Angesichts der immensen spieltechnischen Anforderungen bleiben da Ungenauigkeiten und bisweilen auch deutliche Wackelkontakte im Zusammenspiel der hochmotivierten Aachener Sinfoniker nicht aus. Dennoch eine Interpretation wie aus einem Guss.

Die Kopplung mit der Ouvertüre zu Luigi Cherubinis Oper „Der Wasserträger” macht Sinn. Beethoven schätzte Cherubini als Vater der Revolutionsoper überschwenglich, auch wenn dessen Musik Berlioz noch stärker beeinflusst hat als die Beethovens.

Hans Pfitzner mit dem Etikett „Revolutionär” zu versehen, ist nicht weniger kühn. Der ungeliebte Eigenbrötler, der eingefleischte Antisemit und Sympathisant der Nazis, hat sich der musikalischen Moderne bewusst und entschieden verweigert. Auch sein Violinkonzert wirkt trotz dankbarer Aufgaben für den Solisten und einer eigenwilligen Rollenverteilung zwischen Violine und Orchester wie eine (sehr) späte Replik auf romantische Strömungen im Fahrwasser Max Bruchs oder Humperdincks.

Die klaren thematischen Strukturen eines Mendelssohn oder Brahms werden durch ein riesiges Orchester eingedickt, so dass im langsamen Teil des durchkomponierten Werks der Solist über fünf Minuten zu schweigen hat.
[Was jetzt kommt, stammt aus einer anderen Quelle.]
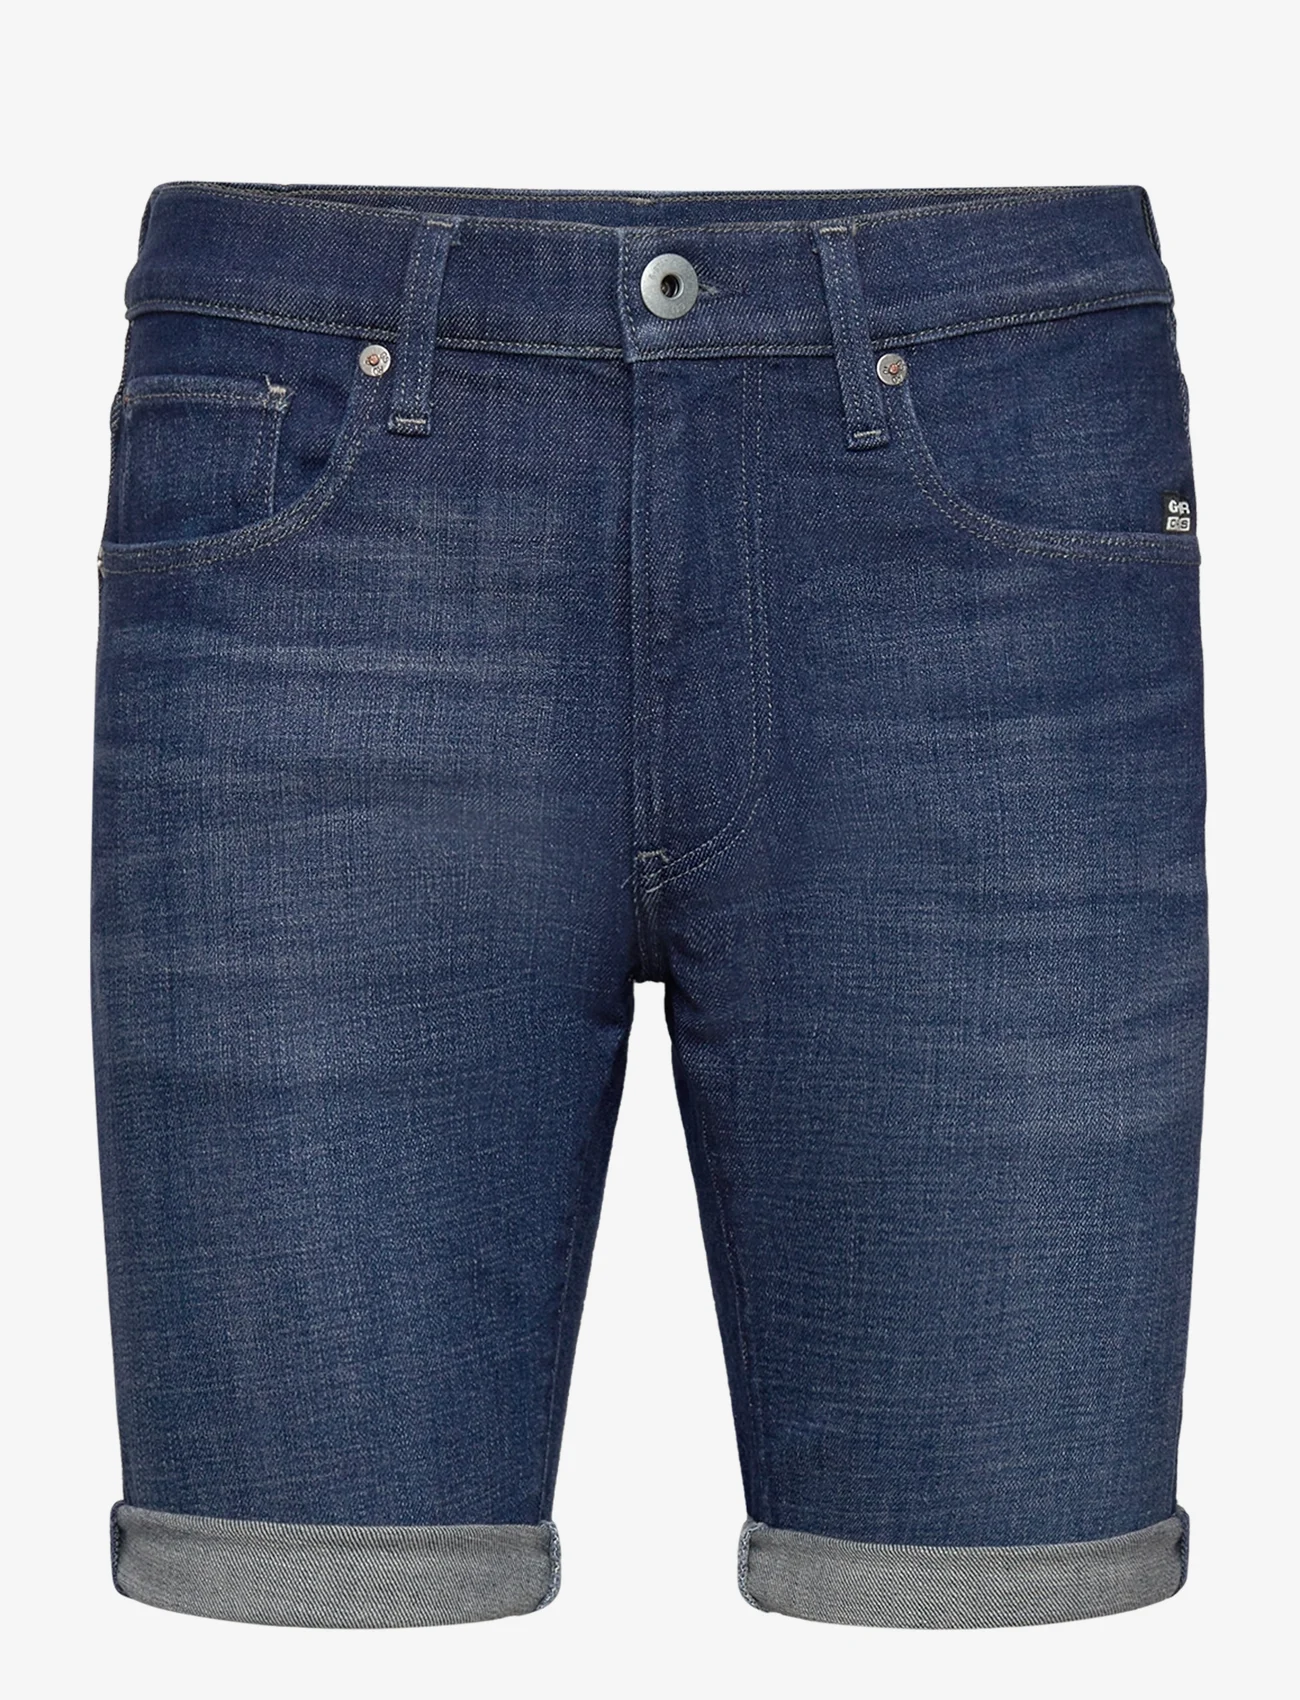 G-Star RAW - 3301 Slim Short - jeans shorts - faded blue copen - 0

Sperrige Musik ohne die Poesie und die Aufbruchstimmung der frühen Romantiker, aber auch ohne das abgeklärte Reflexionsvermögen des späten Gustav Mahler oder des alten Richard Strauss.

Ins Repertoire wird das Werk nicht finden, auch wenn man sich so engagiert dafür einsetzt wie der tschechische Geiger Juraj Cizmarovic, der die kniffligen Aufgaben ordentlich bewältigt. In der Intonation etwas instabil und nicht immer mit letzter klanglicher Leuchtkraft.

Freundlicher Beifall für diese Begegnung mit einer skurrilen Rarität, Sonderapplaus für die ebenso junge wie begabte Solo-Oboistin Blanca Geisner, Begeisterungsstürme für das Meisterstück des Abends, Beethovens „Eroica”.